(Reuters) – Oil and gas major Shell (SHEL.L) on Tuesday won an appeal against a landmark ruling that required it to accelerate carbon reduction efforts, dealing a blow to campaigners who have turned to legal channels to pursue climate action.
The appeals court in The Hague said Shell had a responsibility to reduce greenhouse gas emissions to protect people from global warming.
But it dismissed the 2021 ruling that ordered Shell to cut its absolute carbon emissions by 45% by 2030 compared to 2019 levels, including those caused by the use of its products.
Since then, Russia’s invasion of Ukraine in 2022 that led to a spike in oil and gas prices has sharpened governments’ and shareholders’ focus on costs and in many cases, weakened climate ambitions.

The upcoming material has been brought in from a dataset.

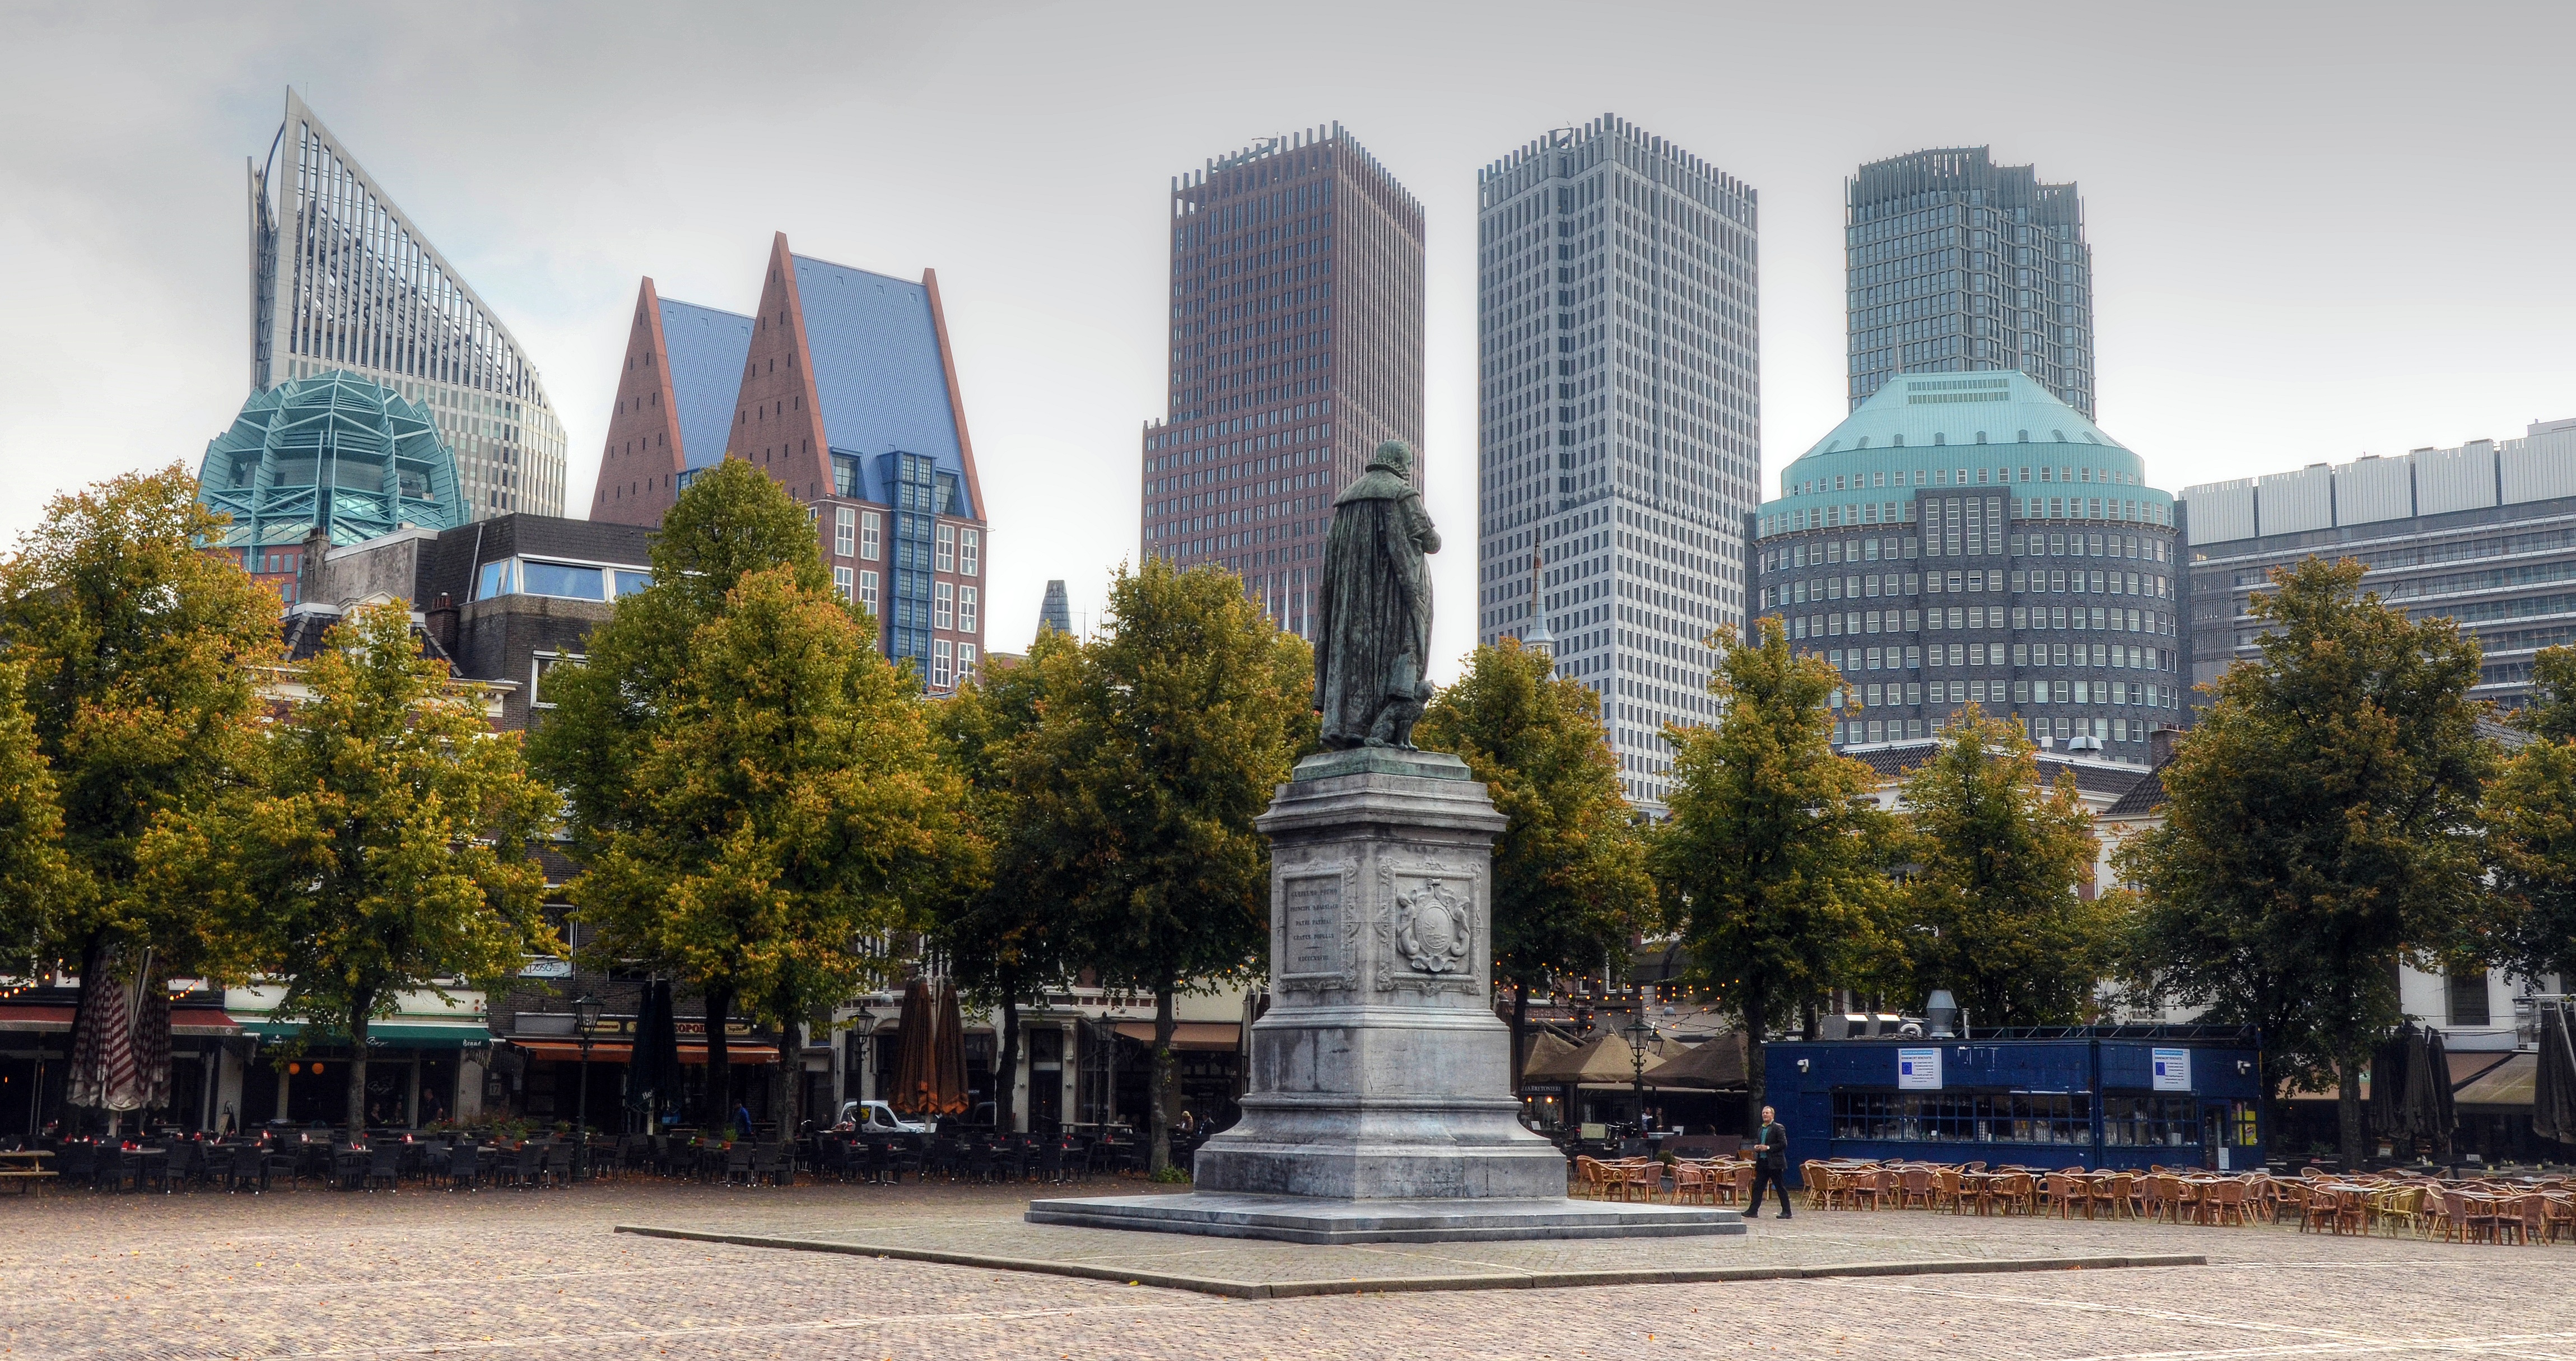 Cityscape_of_The_Hague,_viewed_from_Het_Plein_(The_Square).jpg

Tuesday’s ruling coincides with COP29 U.N. climate summit in Baku, Azerbaijan, where opening procedures were delayed on Monday by a dispute over how prominent the future of fossil fuels should be on the agenda.
Friends of the Earth Netherlands, which brought the Dutch case in 2019, said it would continue its fight against large polluters, but did not say whether it would launch a further appeal at the Netherlands’ Supreme Court.
“This hurts,” director Donald Pols said. “At the same time, this case has shown that large polluters are not above the law.”
Shell CEO Wael Sawan said Shell believed the decision was “the right one for the global energy transition, the Netherlands and our company”.
CLIMATE MITIGATION
The case in the Hague, where Shell was headquartered until it completed its move to London in 2022, was viewed as pivotal for both sides of the emissions divide and helped to inspire other lawsuits.
In appeal hearings earlier this year, Shell said demands for companies to reduce emissions could not be made by courts, but only by states.